A few steps from the caves, I stopped, some primal instinct telling me not to go any further. Not that I was frightened by the stories those boys had told me—the ghost stories were just ridiculous. I stood listening for the echo of footsteps, hearing nothing but the soughing of the trees. The moon shrugged off its mantle of cloud then and lit up the scene before me: two bottomless pits of eyes staring, the twin doorways of Les Yeux.

When my phone buzzed, I jumped. It was a message from Bill.

See the shit'
s hit the fan. Call me? Bx

For once, I did as he said.

“Hey, kiddo.” Bill's comfortable voice crackled in my ear.

“Hey.”

“You at the hotel?”

“The woods actually,” I said, looping the earpiece over my ear. “I think Quinn might have gone to the caves. Read the blog link I sent. It kind of explains it.”

“Yeah, I did. She had a tryst with Romeo there. So?”

“So she was checking how to get here on my phone.”

“She looked through your phone? Jesus, Molly.” He sighed.

“Why else do you think the shit's hit the fan?” I said angrily.

“Well . . . I mean, it kind of has in every way possible. The kid's gone, or taken, and it may or may not be your fault. And now I bet your cover's most likely blown.”

“I knew you could cheer me up, Bill.” I took the last few steps towards the staring eyes without thinking too hard. “It's so comforting the way you always see the glass half empty.”

He cleared his throat. “You mean there's a good side to this?”

“Hell to the no.”

“But you took it on yourself to go find this girl, anyway,” Bill said. “Despite the army of police already looking for her and the fact that she probably hates your guts?”

“I think I owe it to her, don't you?”

There was a long pause in which I could hear the cogs of Bill's mind turning. I walked a few steps inside the first chamber,
shining my flashlight on white spears of stalactites aimed at me from the roof of the cave. It smelled wet and tainted, as if something had spoiled.

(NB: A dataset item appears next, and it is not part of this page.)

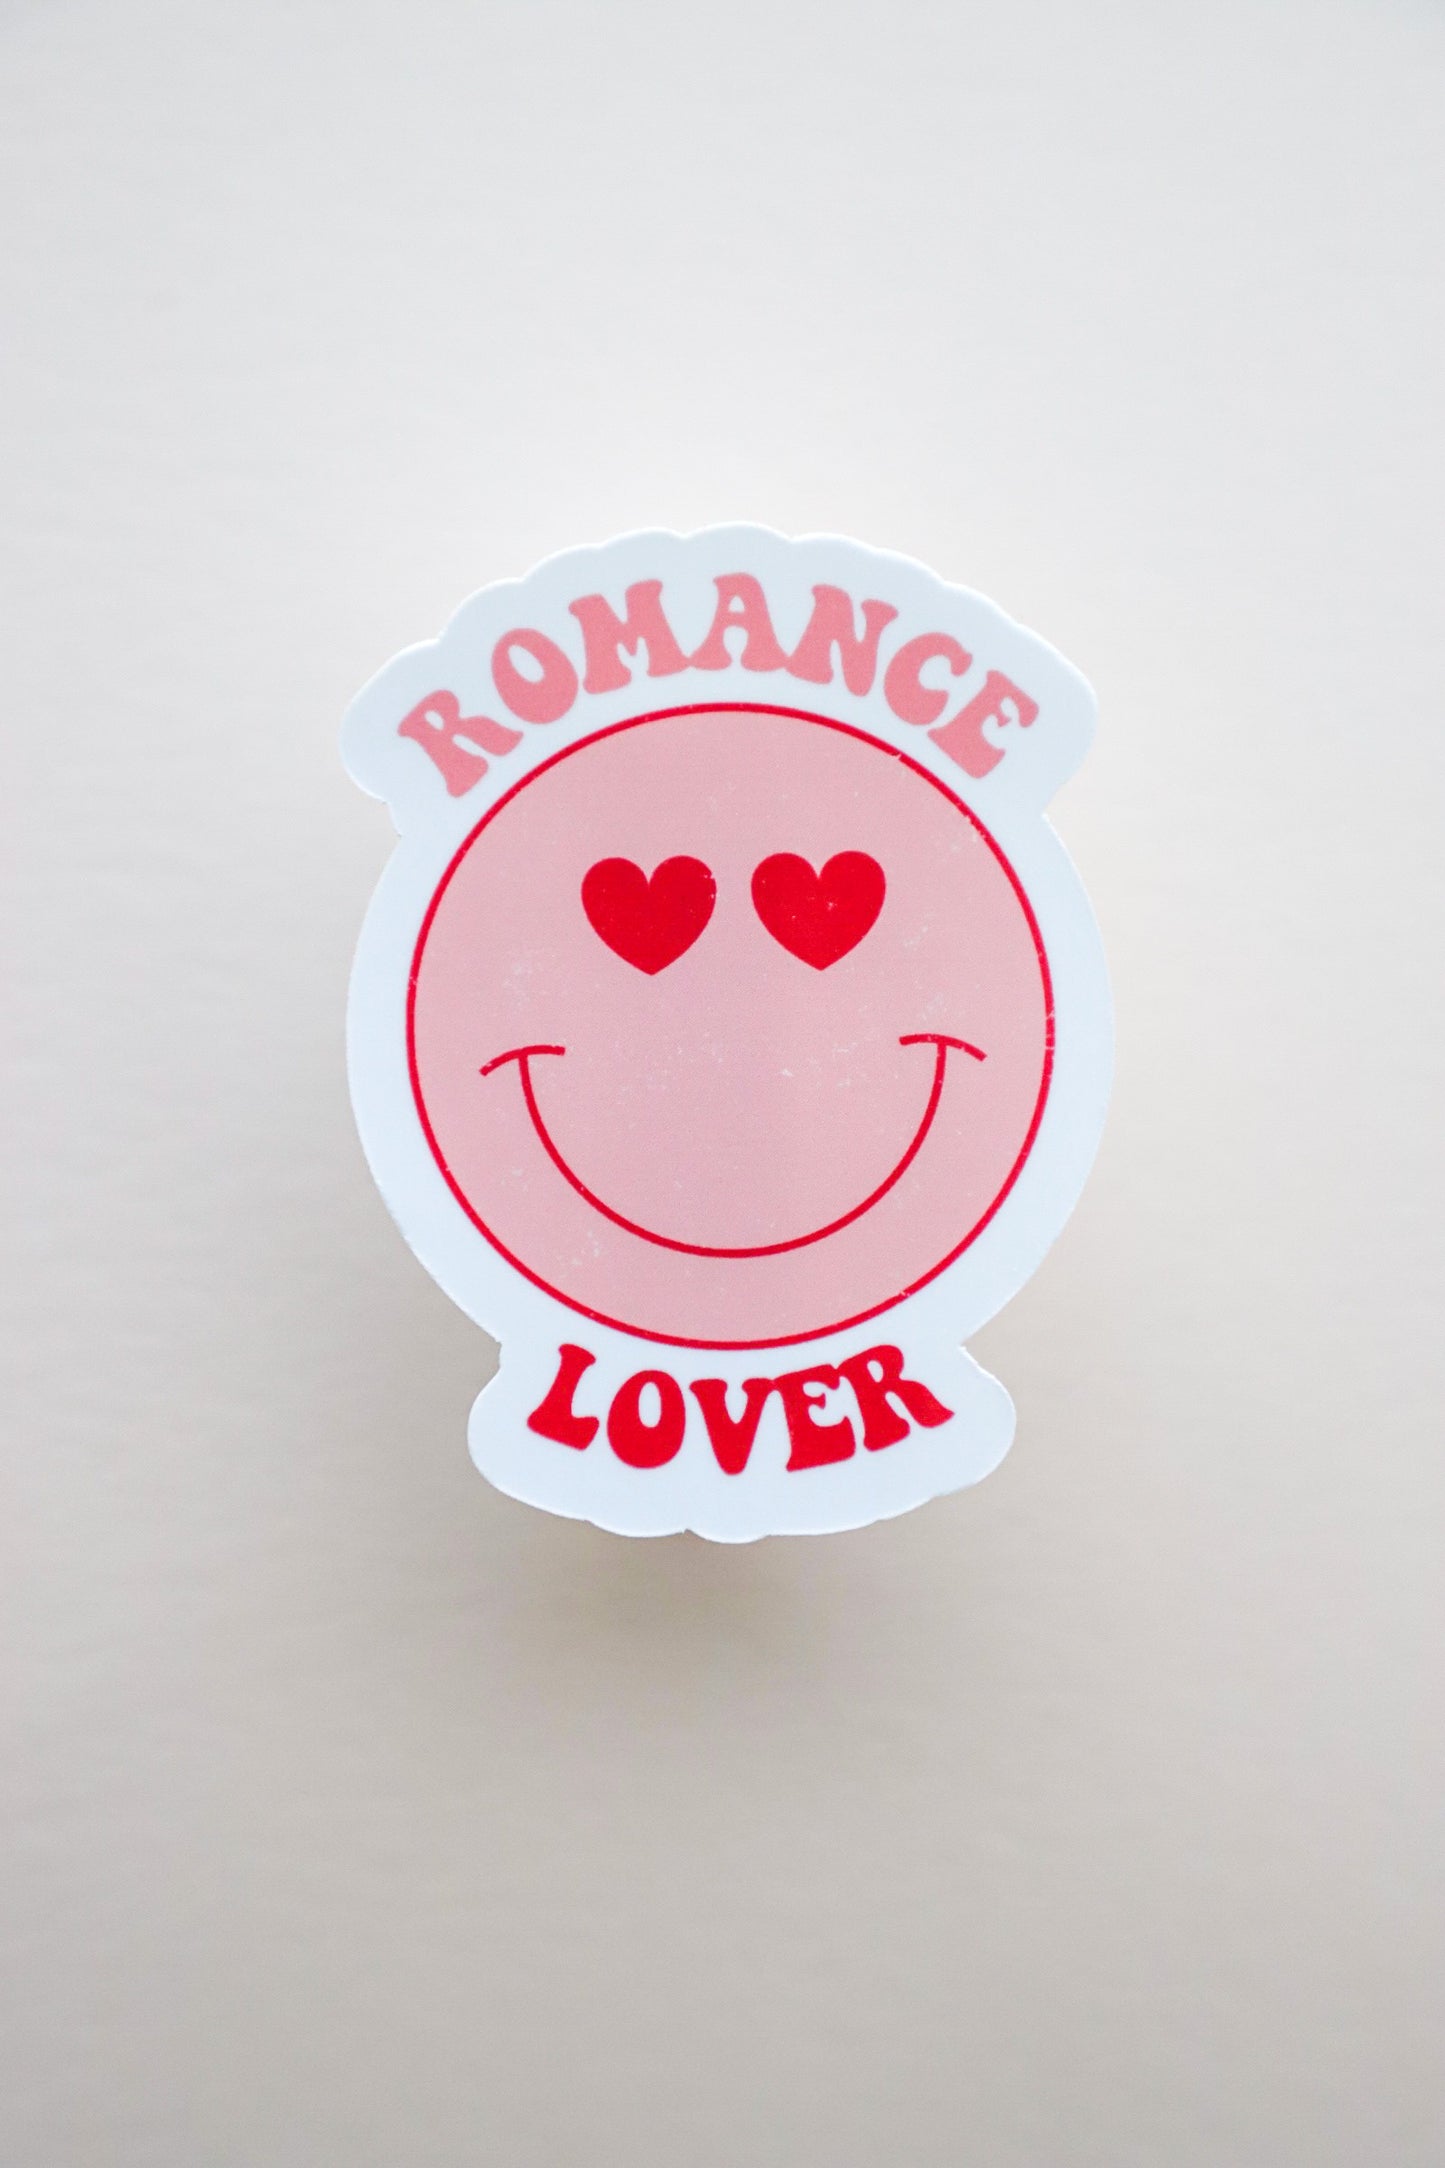 Romance Lover Sticker
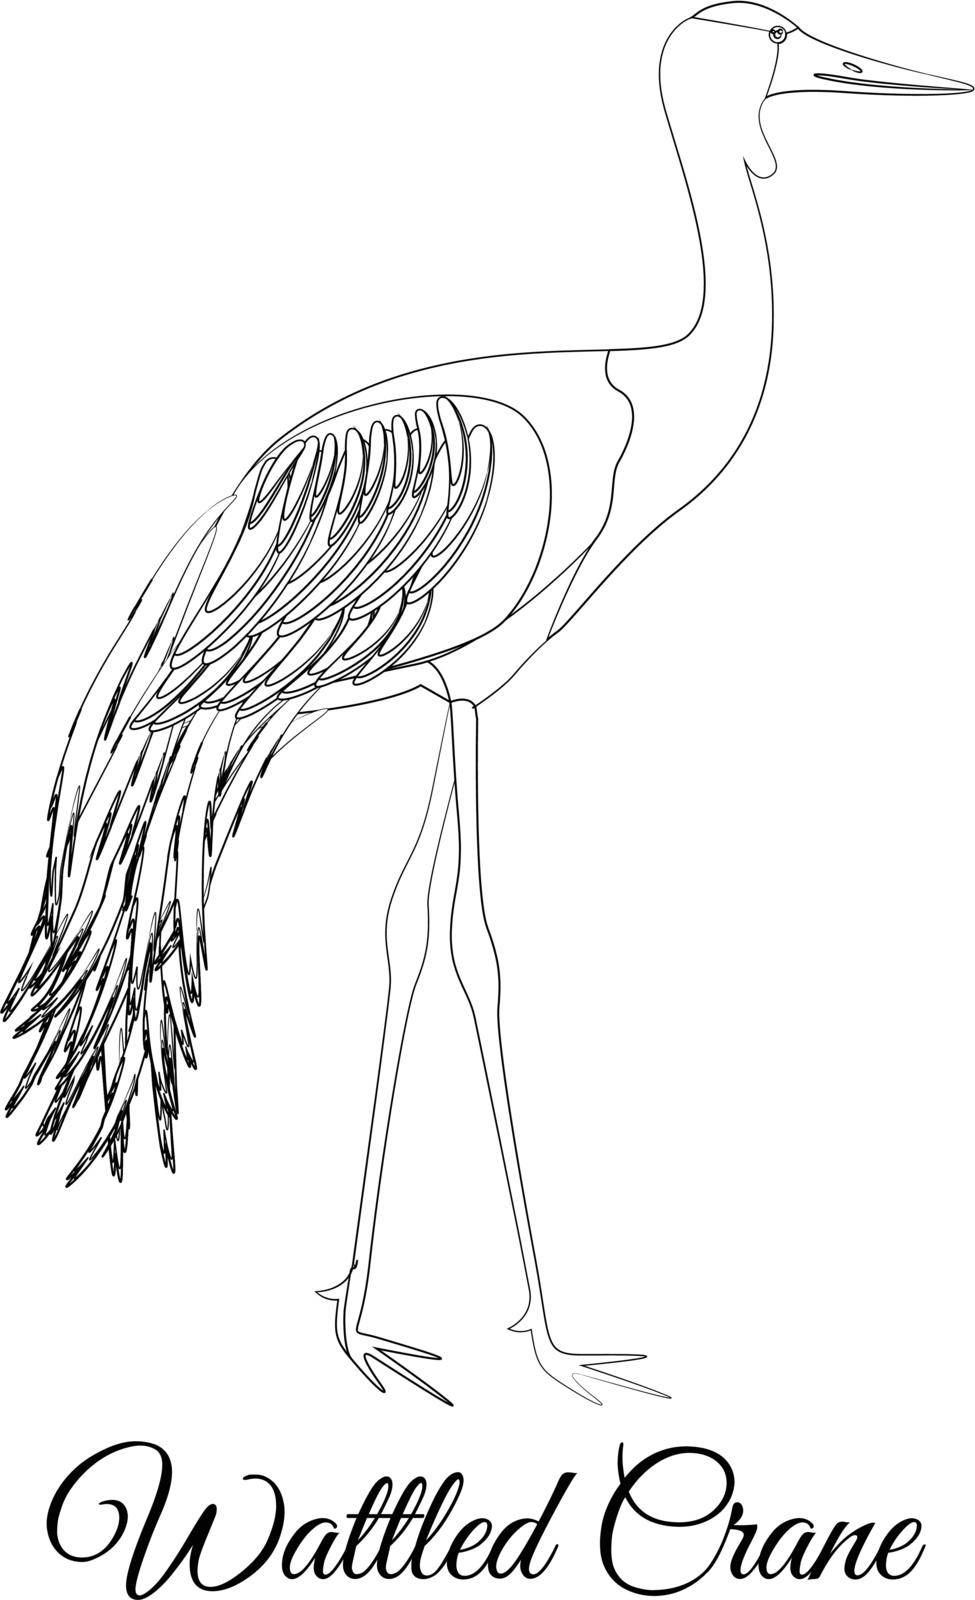 Wattled crane outline vector illustration

I sighed. “Quinn's not here. I need to go deeper inside and look for her.” As soon as I said the words, I heard how foolhardy they sounded.

“What's that, kiddo? You're breaking up.” His voice crackled.

“Reception's fucked.”

“Make a video or something?” He sounded a million miles away.

“Okay.”

“I can watch it after you come back, see what goes down.”

“Just like the
Blair Witch Project
.”

“Eh?”

“Never mind.”

“If I don't hear from you in a couple hours, I'll call Cave Rescue.”

I dropped the call and made sure my little camera was switched on. It wouldn't be able to upload the feed to Bill right away, but at least if I died in here, maybe someone would eventually be able to work out how. Ahead of me was a narrow opening in the rock. I squeezed into it sideways, hearing the echo of my own footsteps as the darkness closed in on the space behind me. Rock scraped my back, pinched my elbows. The wind howled into the cave, high and weird as a cat's scream.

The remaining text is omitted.